### YOUR TASK
Please copy exactly the lines that run from the start of the entries to the line containing "Regimental Woven Wool Tie in Green and Blue", inclusive.

[Records from a collection]
________
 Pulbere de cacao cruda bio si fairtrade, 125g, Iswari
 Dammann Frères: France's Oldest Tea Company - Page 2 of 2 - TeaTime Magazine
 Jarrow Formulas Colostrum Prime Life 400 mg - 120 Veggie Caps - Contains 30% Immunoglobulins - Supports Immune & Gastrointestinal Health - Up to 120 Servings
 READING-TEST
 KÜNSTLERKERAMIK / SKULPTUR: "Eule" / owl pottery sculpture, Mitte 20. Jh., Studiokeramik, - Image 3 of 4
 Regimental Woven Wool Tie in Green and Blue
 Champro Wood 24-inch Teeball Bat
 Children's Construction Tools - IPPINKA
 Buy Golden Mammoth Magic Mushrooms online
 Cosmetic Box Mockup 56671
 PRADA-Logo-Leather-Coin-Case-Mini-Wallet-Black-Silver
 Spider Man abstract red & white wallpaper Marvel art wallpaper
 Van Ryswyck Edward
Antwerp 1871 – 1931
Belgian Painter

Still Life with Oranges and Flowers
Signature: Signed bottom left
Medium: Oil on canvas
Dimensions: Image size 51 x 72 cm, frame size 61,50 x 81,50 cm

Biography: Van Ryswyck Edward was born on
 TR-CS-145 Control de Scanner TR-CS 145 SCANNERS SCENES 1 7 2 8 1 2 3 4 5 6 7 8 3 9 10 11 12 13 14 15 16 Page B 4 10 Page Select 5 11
________
### SOLUTION TO THE PROBLEM
 Pulbere de cacao cruda bio si fairtrade, 125g, Iswari
 Dammann Frères: France's Oldest Tea Company - Page 2 of 2 - TeaTime Magazine
 Jarrow Formulas Colostrum Prime Life 400 mg - 120 Veggie Caps - Contains 30% Immunoglobulins - Supports Immune & Gastrointestinal Health - Up to 120 Servings
 READING-TEST
 KÜNSTLERKERAMIK / SKULPTUR: "Eule" / owl pottery sculpture, Mitte 20. Jh., Studiokeramik, - Image 3 of 4
 Regimental Woven Wool Tie in Green and Blue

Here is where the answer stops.